WHAT TO WORK ON: Look for the line containing "КНИГА СПРАВОЧНИК 2000" and the line containing "Gato animal detrás" in the entries below. Copy those two and all lines between them exactly, leaving out pictures.

INFORMATION SUPPLIED:
################

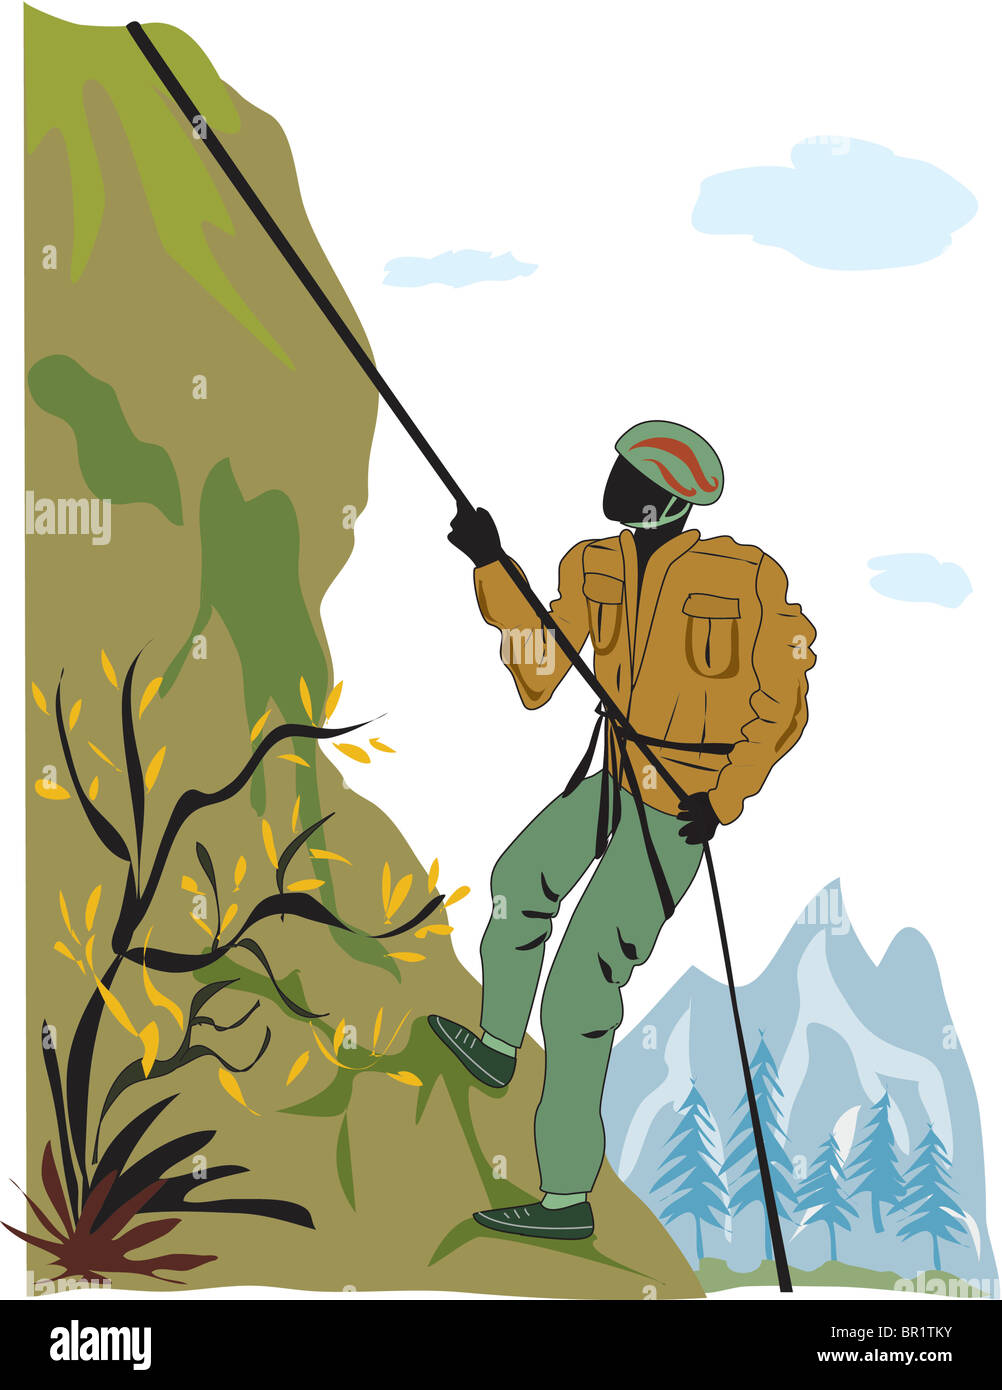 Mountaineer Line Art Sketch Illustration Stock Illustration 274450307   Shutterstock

################

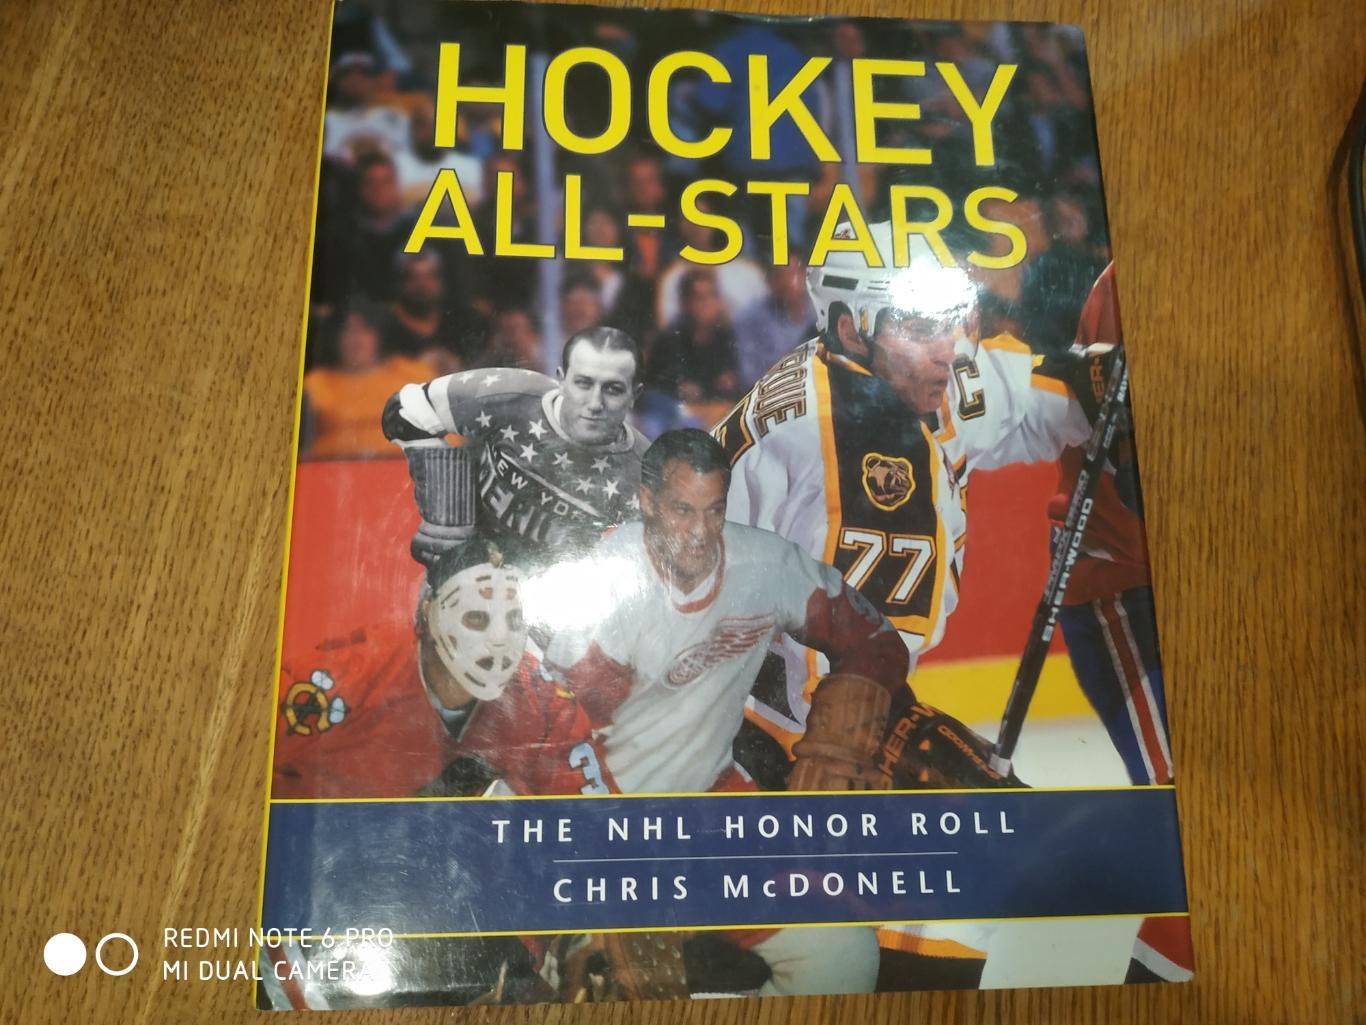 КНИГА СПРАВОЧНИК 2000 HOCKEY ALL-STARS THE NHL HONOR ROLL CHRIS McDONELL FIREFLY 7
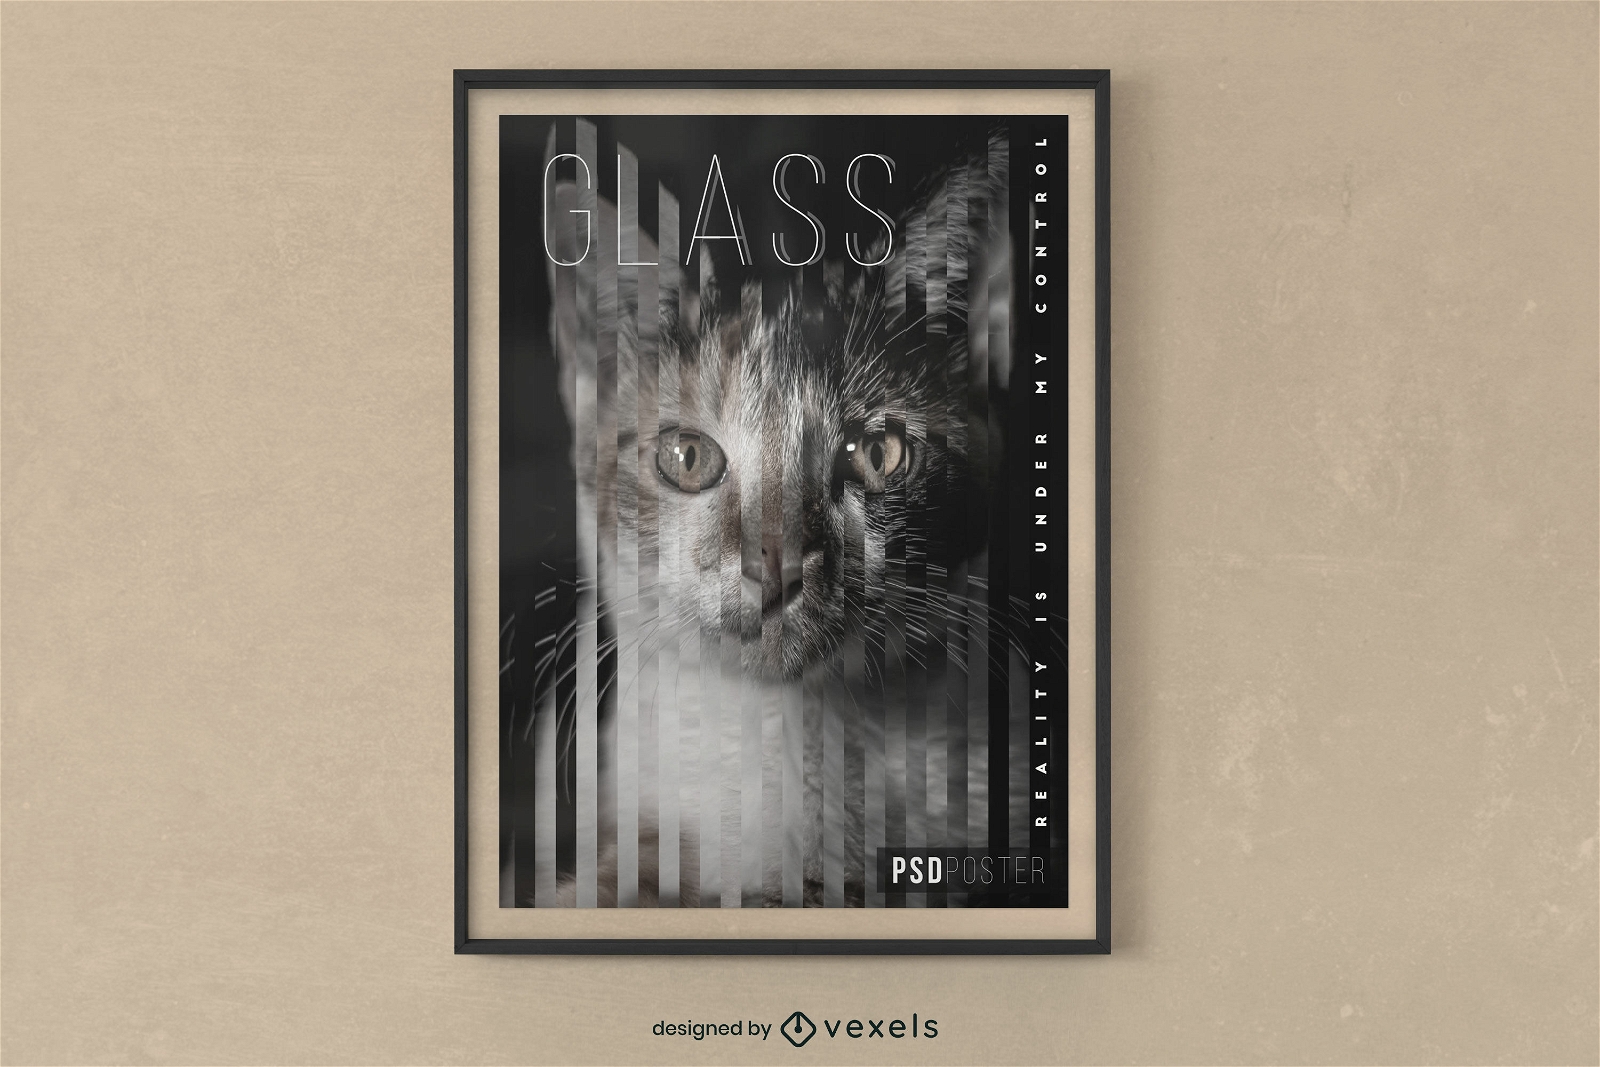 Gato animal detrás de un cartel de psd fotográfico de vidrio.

################

RESPONSE:
 КНИГА СПРАВОЧНИК 2000 HOCKEY ALL-STARS THE NHL HONOR ROLL CHRIS McDONELL FIREFLY 7
 Gato animal detrás de un cartel de psd fotográfico de vidrio.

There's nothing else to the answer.